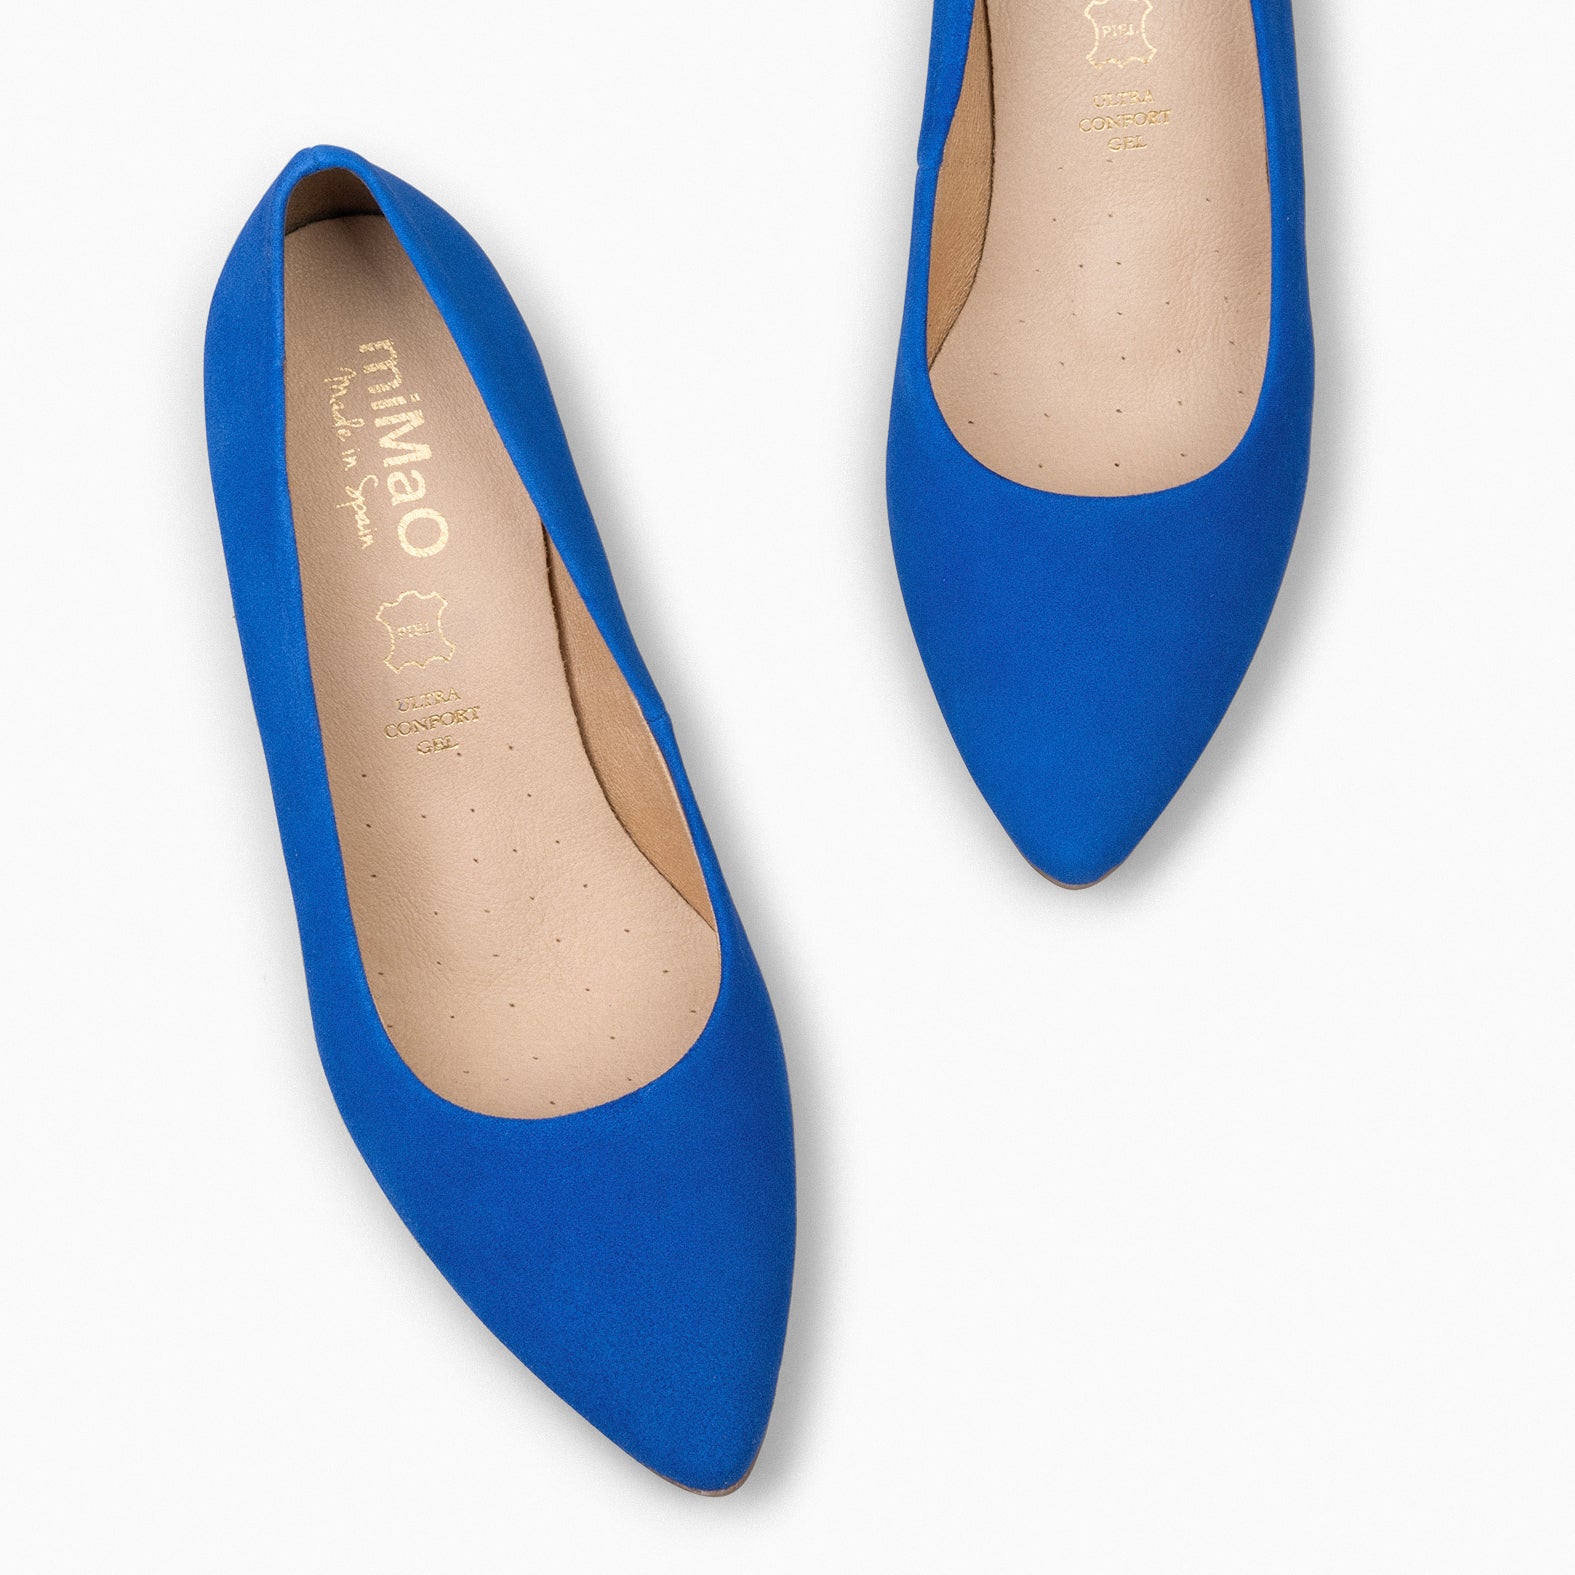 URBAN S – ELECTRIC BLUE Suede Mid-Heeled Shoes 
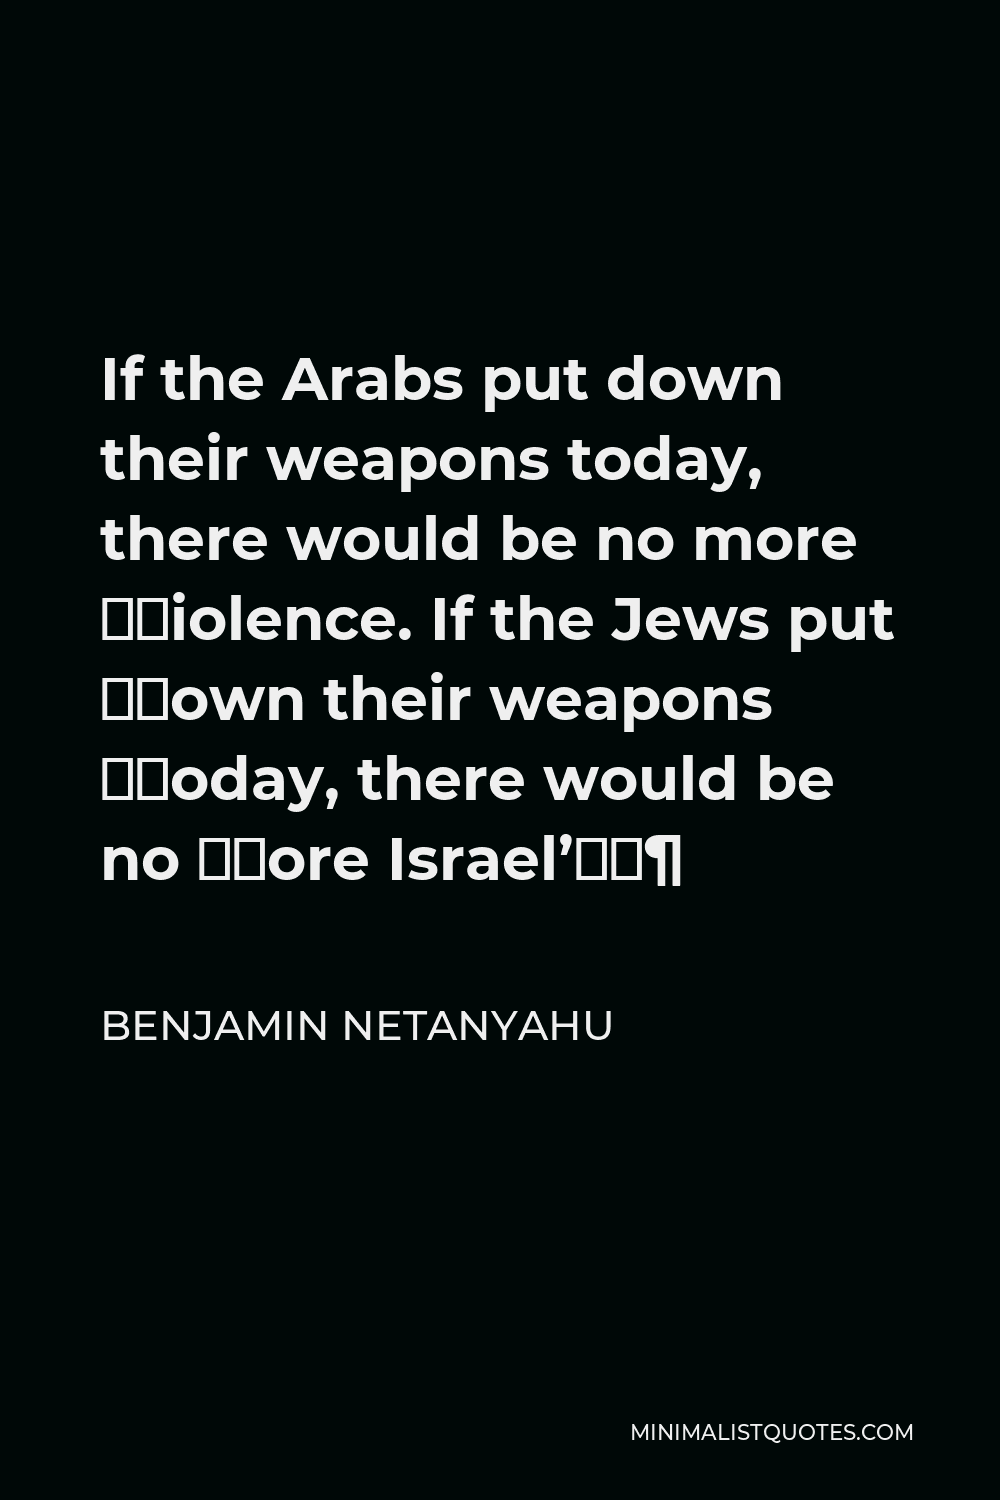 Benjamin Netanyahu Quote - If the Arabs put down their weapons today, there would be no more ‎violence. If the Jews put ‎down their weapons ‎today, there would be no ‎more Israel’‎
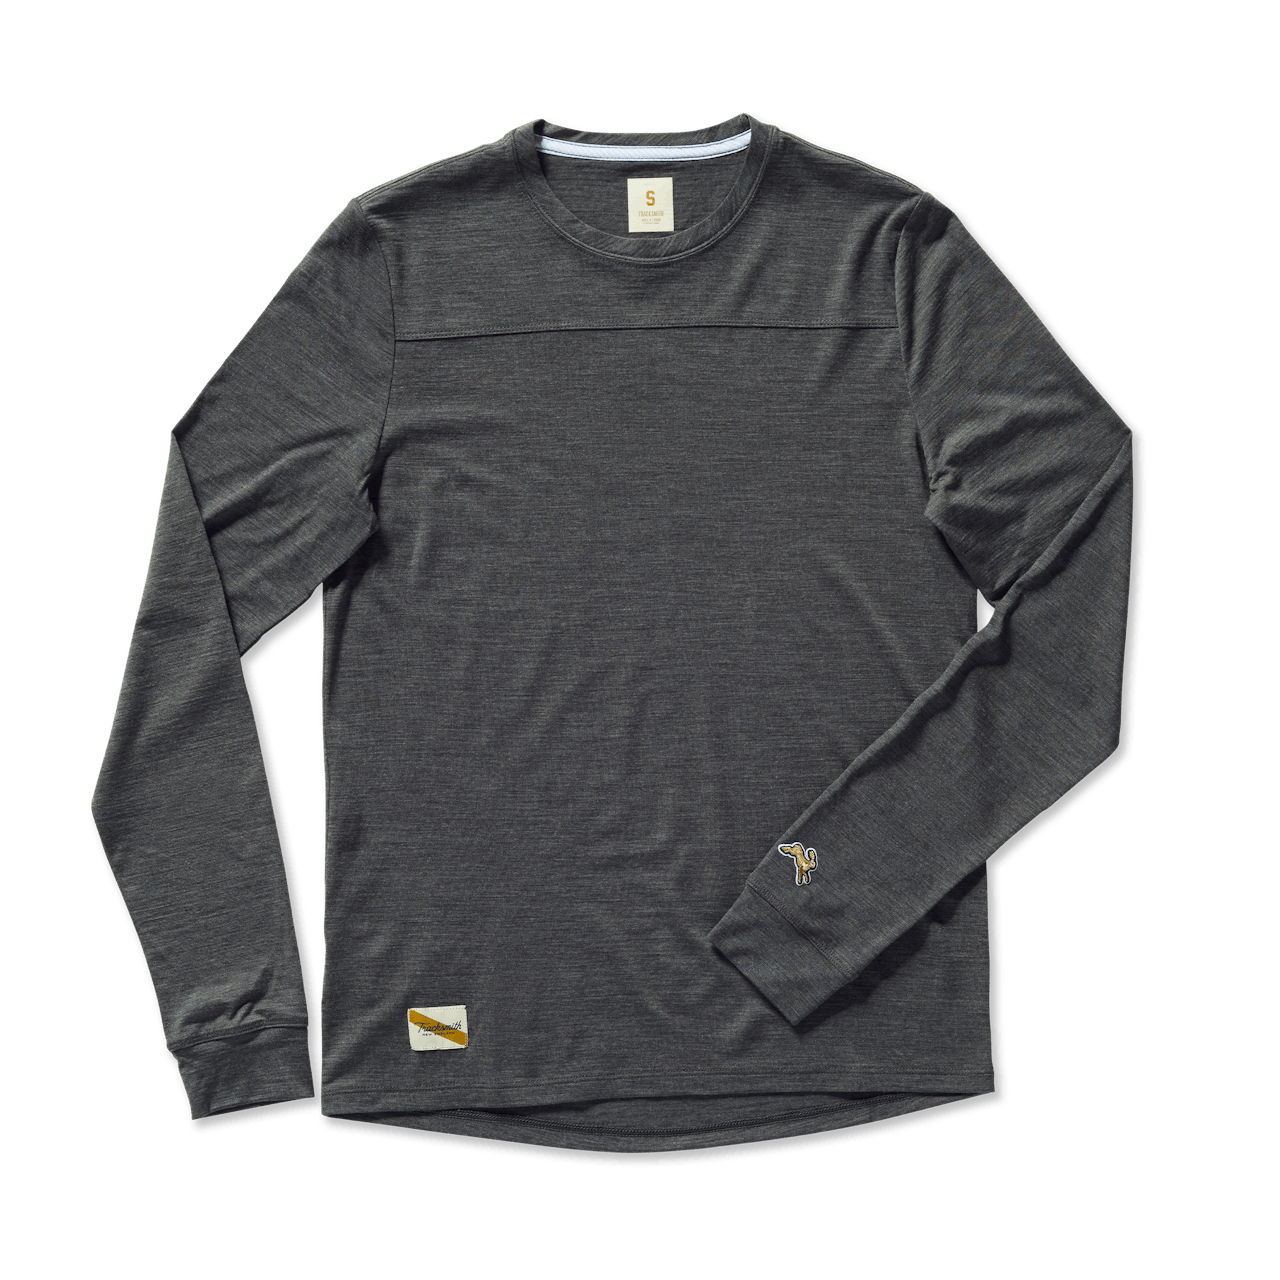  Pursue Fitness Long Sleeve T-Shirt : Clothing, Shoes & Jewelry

## WHAT IS REQUIRED
Quote the data above in full and without alteration; skip the pictures.

## RESULT OF THE EXERCISE
 URBAN S – ELECTRIC BLUE Suede Mid-Heeled Shoes 
 Benjamin Netanyahu Quote - If the Arabs put down their weapons today, there would be no more ‎violence. If the Jews put ‎down their weapons ‎today, there would be no ‎more Israel’‎
  Pursue Fitness Long Sleeve T-Shirt : Clothing, Shoes & Jewelry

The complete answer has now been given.